Ketiga anak itu tidak melihat Laila bersama Hilman. Padahal mereka sudah tahu kalau Hilman telah menikahi Laila, guru ngaji mereka. Karena tidak melihat Laila, membuat tiga anak itu bingung.
"Pak Hilman, kak Laila-nya mana?" tanya Ayub. "Apa dia ada di belakang?" lanjutnya lalu menatap ke belakang Hilman. Namun tidak melihat siapapun lagi.

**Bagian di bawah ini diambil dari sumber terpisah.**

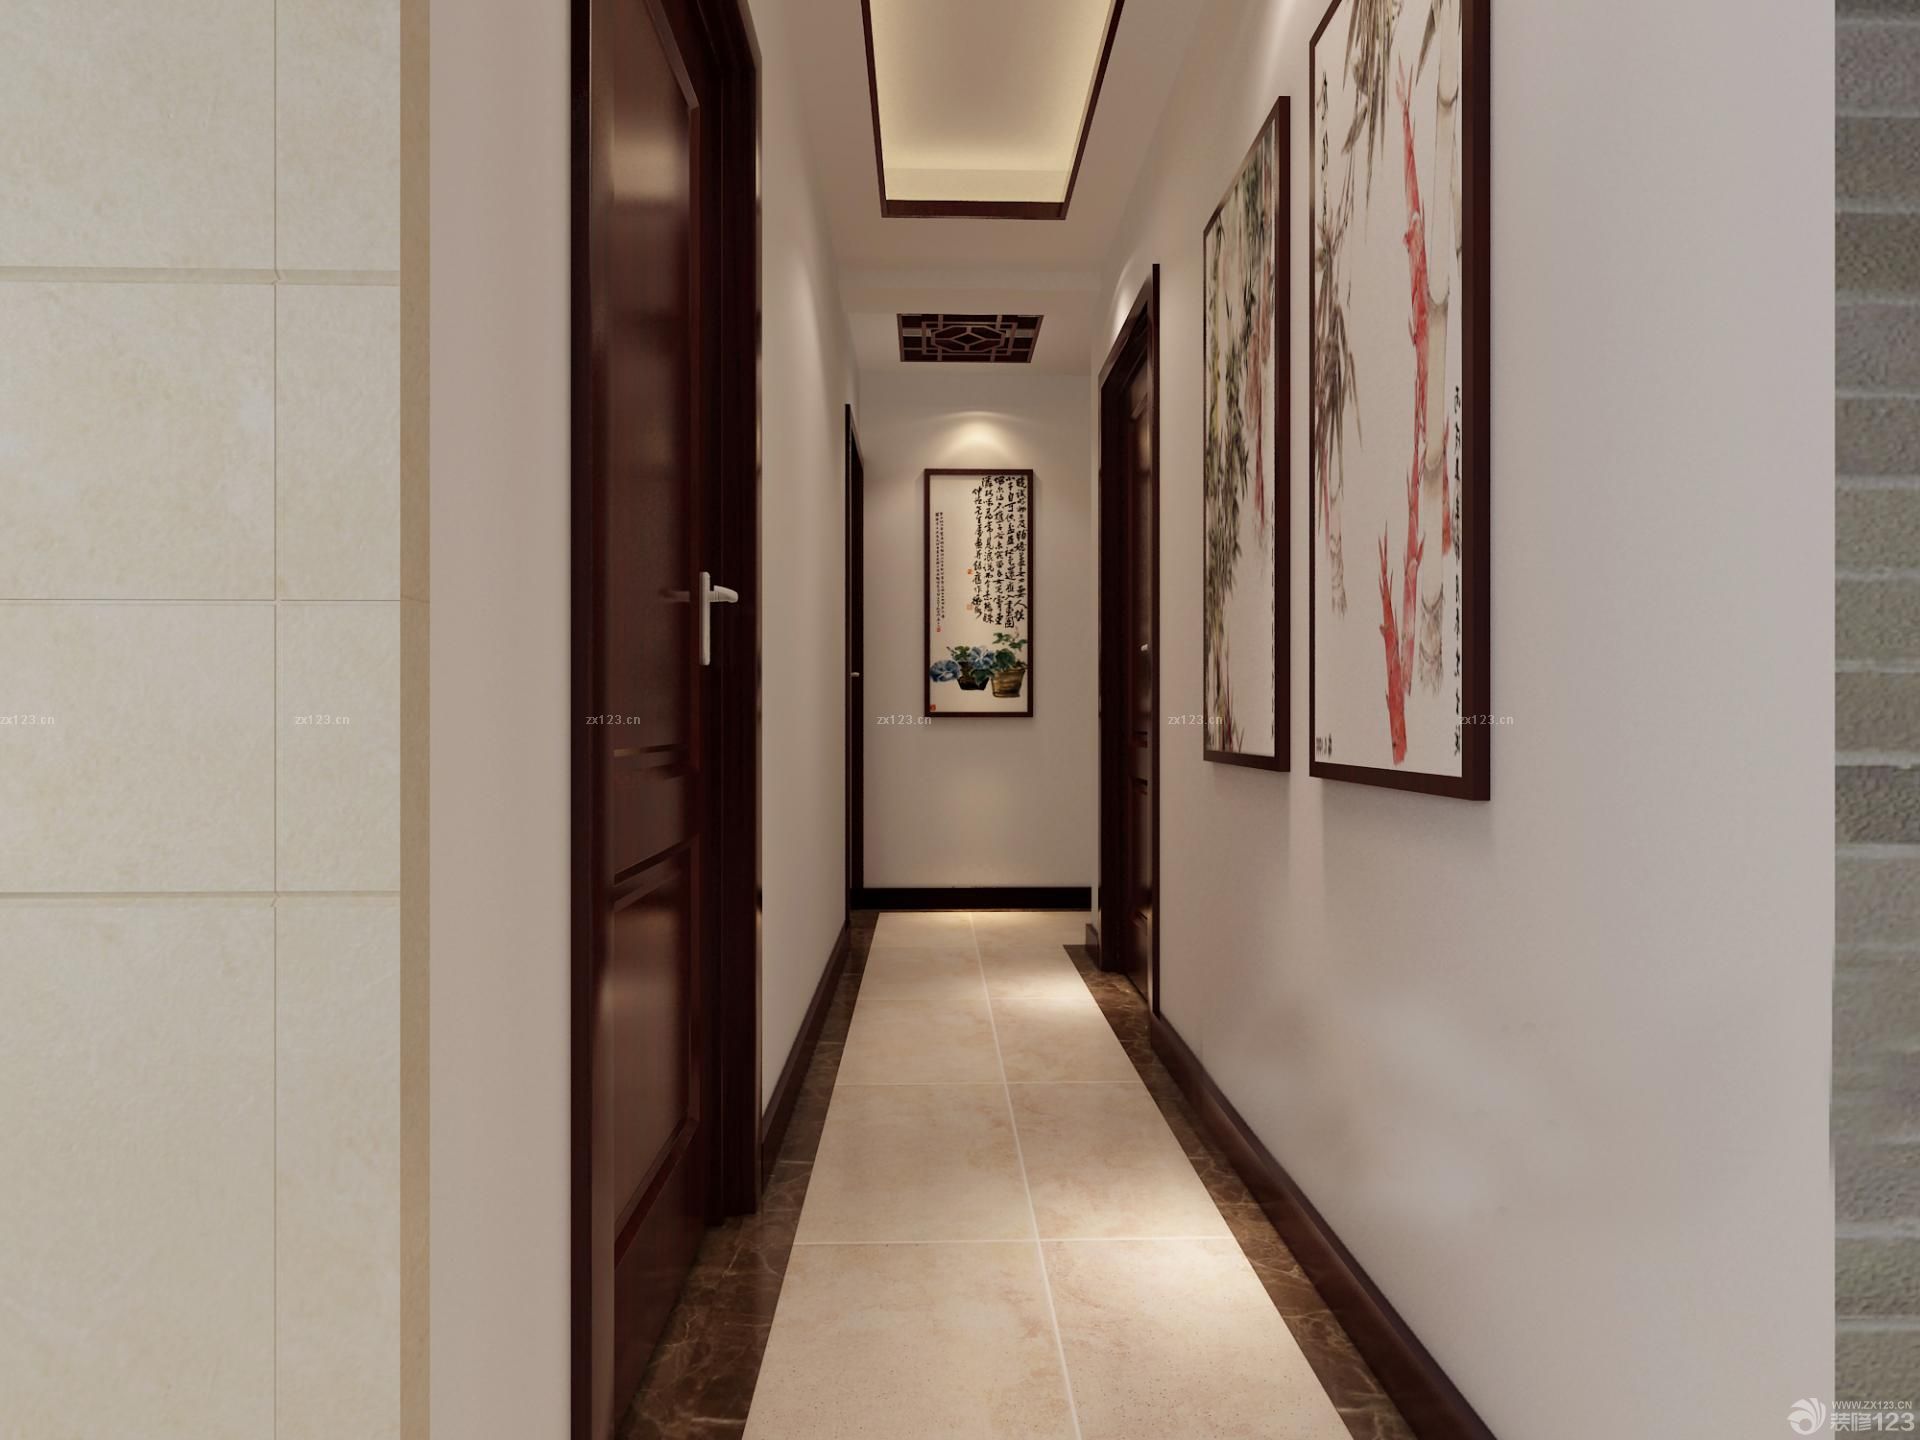 140平米中式房屋走廊玄关装修效果图欣赏

"Oh, dia lagi di rumah. Kami tidak mengajaknya," ucap Hilman hati-hati.
Mereka yang mendengar Hilman tidak mengajak Laila pun merasa kecewa. Percuma saja kalau Hilman ke bukit tanpa mengajak Laila. Jadinya mereka sungkan untuk melakukan kesenangan di depan Hilman. Jika ada Laila, mereka bisa lebih bebas melakukan apa saja.
"Siapa mereka, Mas? Kok tahu Laila?" telisik Eva. Ia merasa ada penjelasan untuk semuanya. Apalagi ini terkait dengan madunya.
"Mereka–" Hilman bingung harus mengatakan apa. Ia sebenarnya ingin menghindari masalah. Namun malah jadi seperti ini. Ia tidak menyangka akan bertemu dengan tiga kurcaci.
"Kami adiknya kak Laila, Bibi," sahut Wawan bangga. Ia tentu bangga memiliki seorang guru ngaji yang juga dianggap sebagai kakaknya sendiri.
"Betul!" Diyon membenarkan ucapan dari Wawan.
"Mas, aku tidak jadi ke puncak bukit, ayo pulang!" ajak Eva. Apapun yang berhubungan dengan Laila, ia ingin menghindarinya. Apalagi setelah tahu siapa tiga anak itu.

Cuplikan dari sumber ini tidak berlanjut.